Alors, d'un pas égal à celui du vent, les singes, dans une résolution bien arrêtée, s'avancent, l'âme contente, vers la plage désirée, sur laquelle préside le noir souverain des morts.
À la vue de cette mer sans rivage ultérieur comme le ciel, ceux-ci parmi les singes tombèrent dans l'abattement, ceux-là tressaillirent de joie. Dans le but de ranimer leur courage, le fils de Târâ, voyant le visage consterné de quelques singes, Angada leur tint ce langage, après qu'il eut salué les grands et sollicité d'un mot l'attention des autres:
«Quadrumanes à l'héroïque vigueur, il ne faut pas vous abandonner au découragement; car l'homme découragé ne peut mettre fin à son affaire. L'homme qui, s'armant d'énergie en face d'un obstacle, résiste à son découragement, ne laisse jamais derrière lui son œuvre imparfaite.
«Qui pourrait aller d'ici à Lankâ et revenir en deux bonds vigoureux? Qu'il réfléchisse mûrement et qu'il parle, celui qui possède en lui-même ce don merveilleux de franchir une distance! celui grâces auquel, revenus un jour d'ici, heureux et couronnés du succès, nous reverrons nos fortunes, nos épouses et nos fils!»
À ces paroles d'Angada, qui que ce fût parmi les singes ne répondit un seul mot, et les chefs du peuple restèrent là tous immobiles.

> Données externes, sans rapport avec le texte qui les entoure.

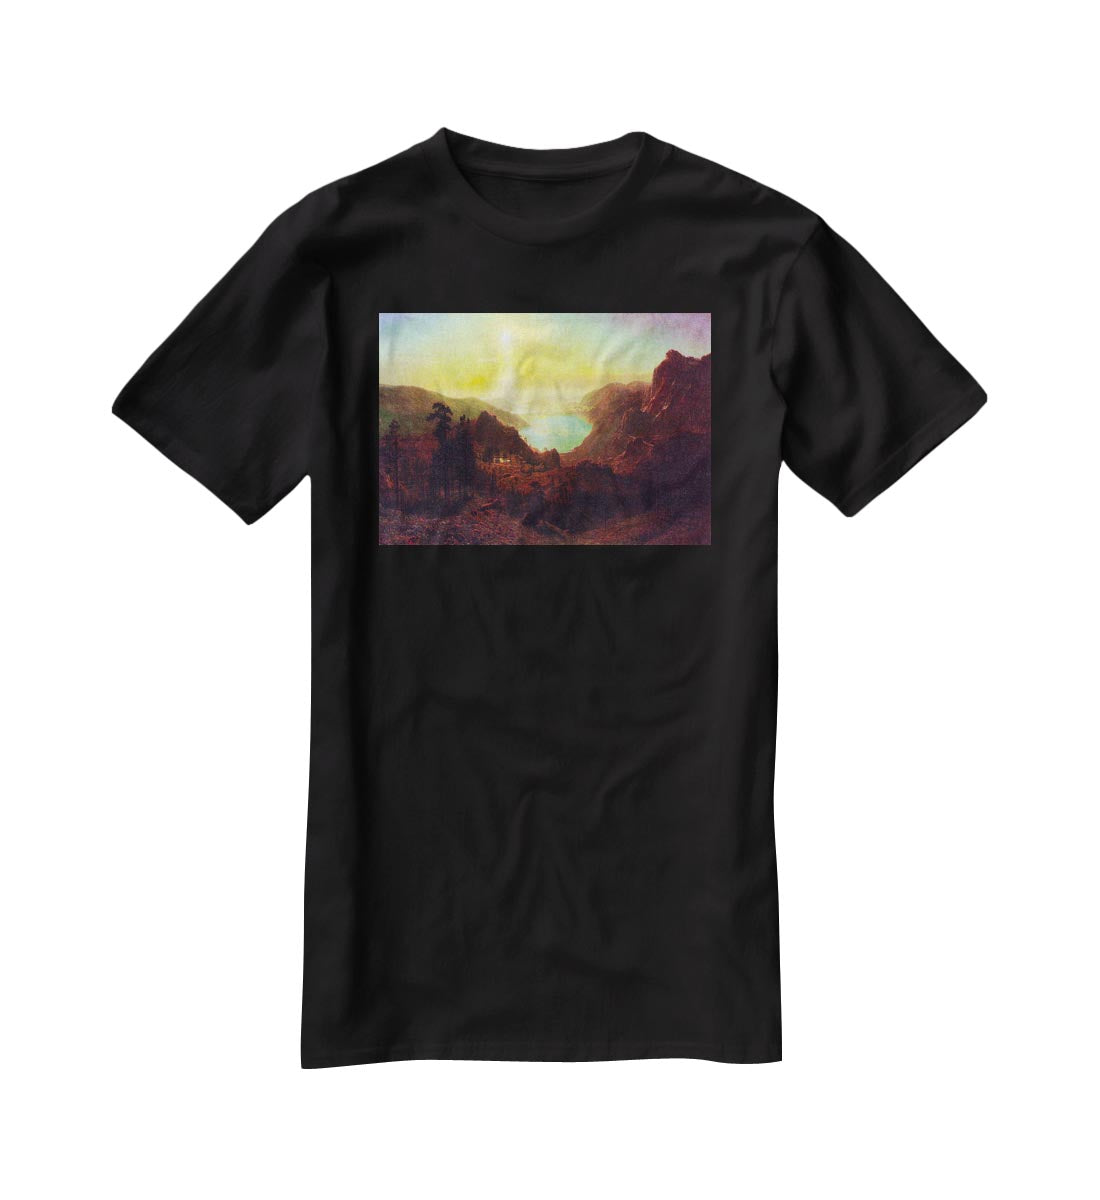 Donner Lake 2 by Bierstadt T-Shirt - Canvas Art Rocks - 1

Gaya dit ces mots le premier: «Je puis nager dix yodjanas.»—«Et moi, dit Gavâksha, j'irai plus loin, jusqu'à vingt yodjanas!»—«Quant à moi, dit Gavaya, je peux franchir dans un seul jour trente yodjanas!» Ainsi parla dans cette assemblée des singes ce quadrumane vigoureux et cher à la fortune. Après lui, Çarabha, le singe d'une valeur incomparable, d'une bien grande vigueur et d'un aspect semblable au sommet d'une montagne, répondit ces mots aux paroles d'Angada: «Je puis aller quarante yodjanas dans un même jour!»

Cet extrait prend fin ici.